証人によれば、ペンス氏本人と計画を企てた弁護士はトランプ氏に対し、計画が違憲であり連邦法に違反していると直接伝えていた。委員会のメンバーは、ここにトランプ氏の汚れた思惑が表れていると主張。起訴に持っていくための土台になり得ると指摘する。
16日に再生された動画の中でペンス氏の首席補佐官を務めたマーク・ショート氏が宣誓証言したところによれば、ペンス氏は「何度も」トランプ氏に対し、自分には選挙結果を覆す法律上もしくは憲法上の権限がないと告げていた。ペンス氏が議長を務めた1月6日の議会合同会議では、選挙人投票の集計が行われていた。
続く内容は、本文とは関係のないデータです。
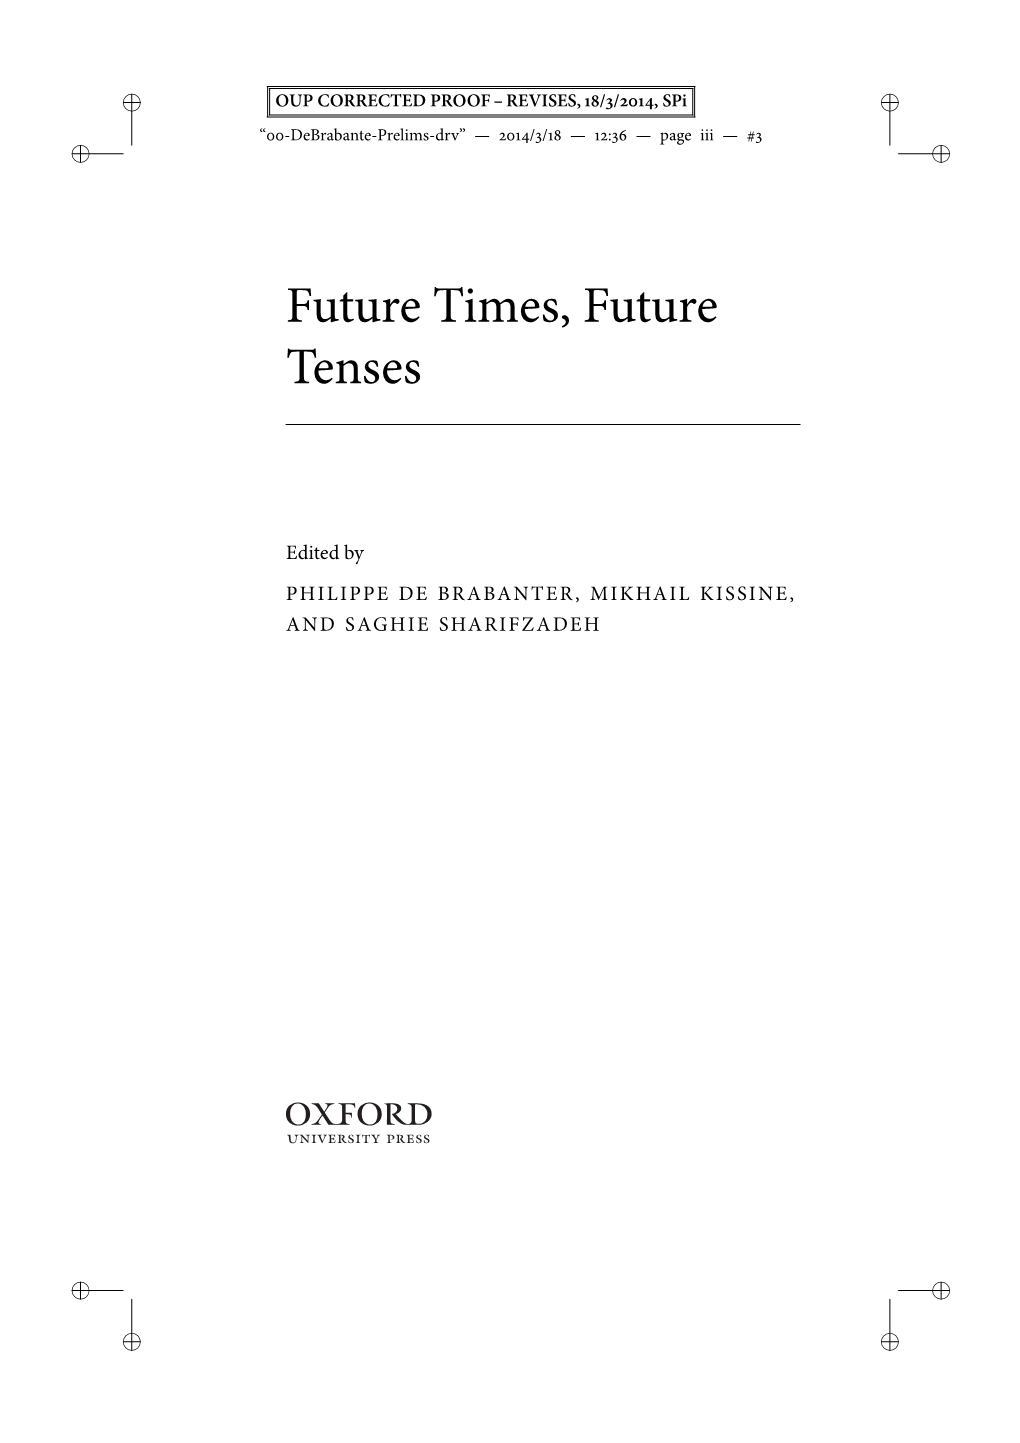 Future Times, Future Tenses 1

計画を考案し、トランプ氏に勧めたイーストマン氏でさえ、トランプ氏の前で計画の履行にはペンス氏が連邦法を破る必要があると認めている。ペンス氏の上級法律顧問のジェーコブ氏が明らかにした。
さまざまな政治的立場をとる法学者らも、イーストマン氏の計画は不合理だとの認識で一致している。
米連邦議会議事堂襲撃事件を巡る今月3度目の公聴会が開かれた/Drew Angerer/Pool/AP
ペンス氏への圧力と議事堂襲撃を結び付ける委員会
委員会は、ペンス氏に圧力をかけるトランプ氏の運動と1月6日の暴力とを結び付けるべく、ペンス氏の側近の証言やトランプ氏の公式声明、議事堂に侵入した暴徒のコメントを合わせて公開した。
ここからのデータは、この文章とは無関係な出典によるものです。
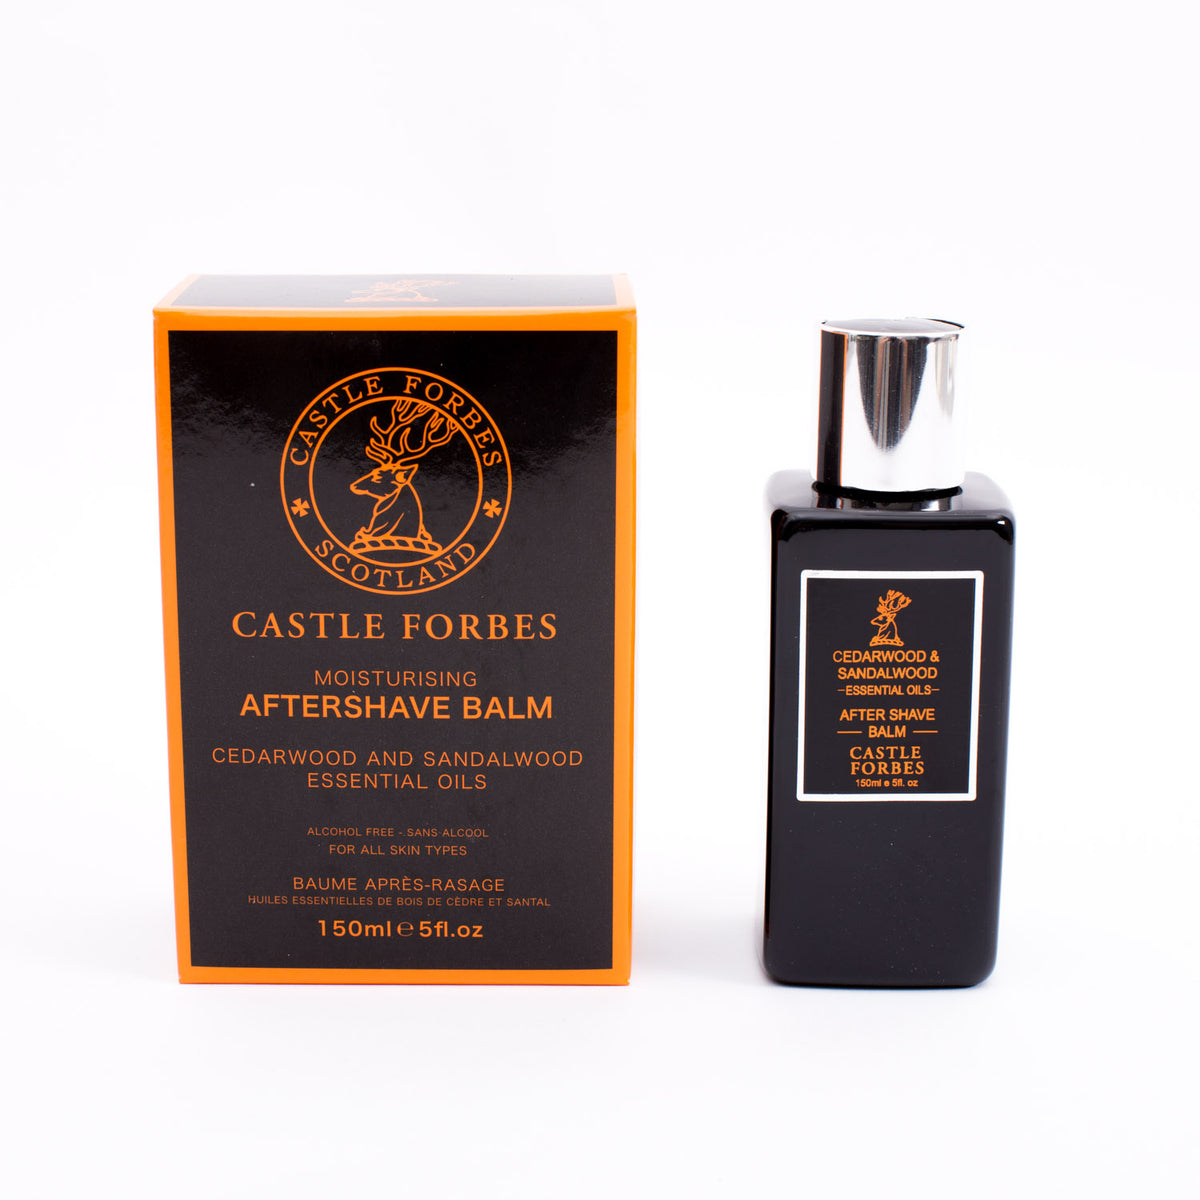 Castle Forbes Cedarwood and Sandalwood Oil Aftershave Balm

最も説得力のある証拠のいくつかは、暴徒ら自身からもたらされた。
彼らの多くは、トランプ氏による集会での(不正確な)主張を聞いていた。つまり選挙は自分に不利になるように操作されており、選挙人投票を認証する立場のペンス氏にはそれについて何らかの行動を取る権限があるという主張だ。議事堂への襲撃が始まった時、彼らはペンス氏を巡るトランプ氏のコメントを口にしていた。
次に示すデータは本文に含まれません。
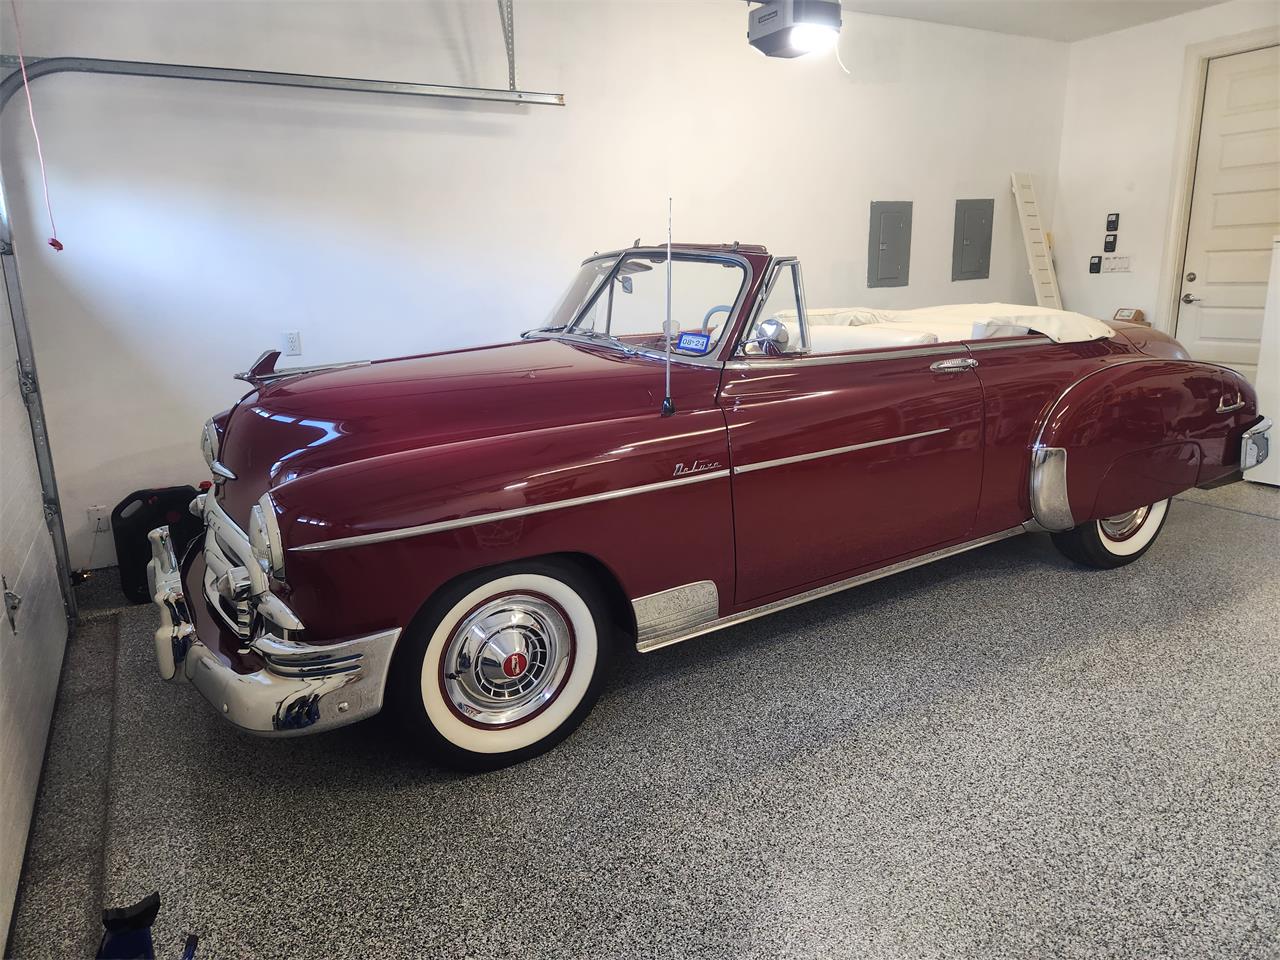 For Sale: 1950 Chevrolet Styleline Deluxe in Leander, Texas for sale in Leander, TX

さらに多くの暴徒が、ペンス氏を批判するトランプ氏のツイートをリアルタイムで目にしていた。その中でトランプ氏は、ペンス氏には「勇気がなく、するべきことをしなかった」と述べている。
16日の公聴会でこれを強調する目的は、暴力の責任をトランプ氏に負わせることにある。襲撃事件直後は共和党指導部の多数がそうした結論に同意していた。しかし1年半が過ぎ、多くの共和党議員はトランプ氏を非難するのに尻込みしている。そうした状況を変えたいというのが委員会の狙いだ。
委員会はトランプ政権でホワイトハウスの弁護士を務めていたエリック・ハーシュマン氏の宣誓証言動画を流した。その中で同氏は、イーストマン氏との間で副大統領が選挙結果を覆せるとの主張について言葉を交わしたと説明。もしそんなことを実行すれば「街で暴動が起きる」と警告したハーシュマン氏に対し、イーストマン氏は「過去にも我が国の歴史には暴力が存在してきた。民主主義や共和国を守る目的で」という趣旨の返答をしたという。
また、当時ホワイトハウスの副報道官だったサラ・マシューズ氏は宣誓証言の動画で、トランプ氏のツイートが状況の激化につながったと述べた。